Cross-lingual sparse retrieval + reasoning + GA imagination over typed concept anchors. Default encoder is a multilingual SPLADE fine-tune (cp500/opensearch-neural-sparse-en-jp-ko) so an English-authored schema retrieves across EN / JA / KO.

Install

pip install blackmagic-retrieval

The multilingual SPLADE model (~670MB) is downloaded from HuggingFace on first use and cached by the transformers library.
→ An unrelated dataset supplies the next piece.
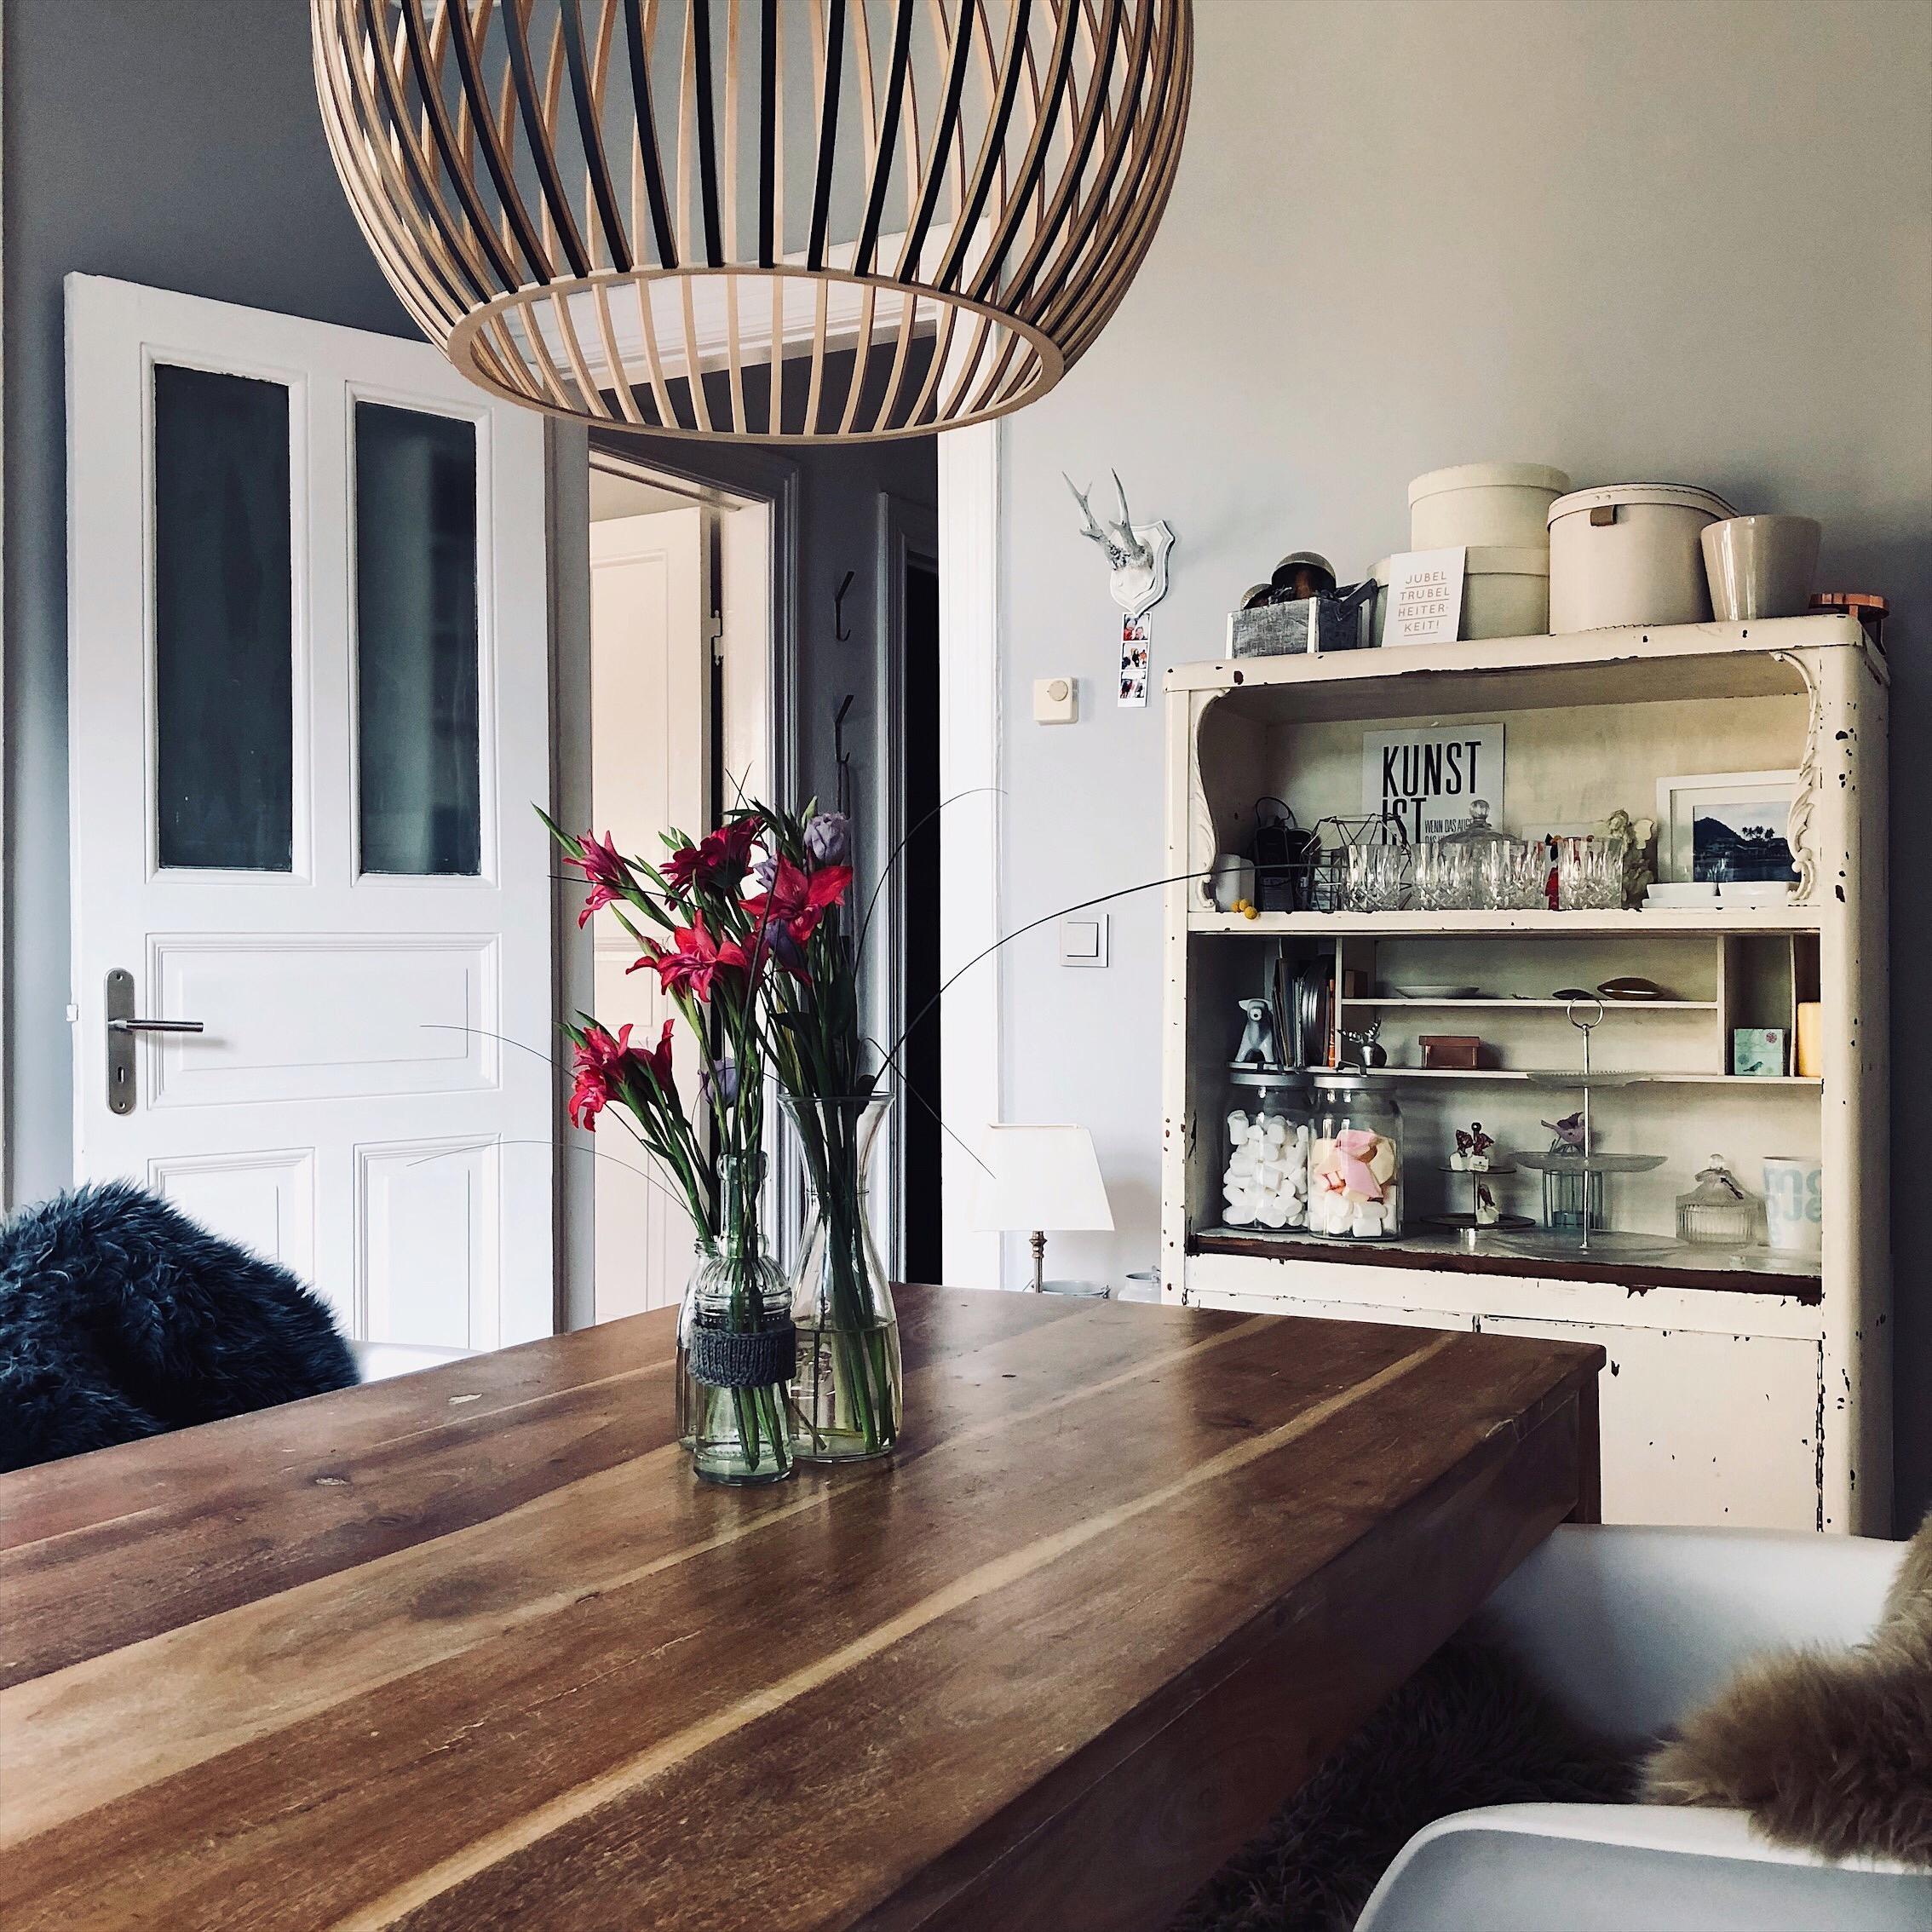 tolle einrichtungsideen rund um den k chenschrank. Black Bedroom Furniture Sets. Home Design Ideas

For development:

git clone <repo>
pip install -e '.[dev]'
PYTHONPATH=src pytest tests/

Quickstart

from blackmagic import BlackMagic, BlackMagicConfig

bm = BlackMagic(BlackMagicConfig(
    schema_path="examples/automotive_schema.json",
    db_path=":memory:",
))

bm.ingest([
    {"text": "Toyota announced a $13.6B investment in battery production.",
     "id": "d1", "timestamp": "2026-03-01"},
    {"text": "Honda launches new EV in partnership with CATL.",
     "id": "d2", "timestamp": "2026-03-15"},
])

# Sparse retrieval with persona valence
result = bm.search("automakers investing in batteries", persona="investor")
for inf in result.infons[:5]:
    print(inf.subject, inf.predicate, inf.object, inf.confidence)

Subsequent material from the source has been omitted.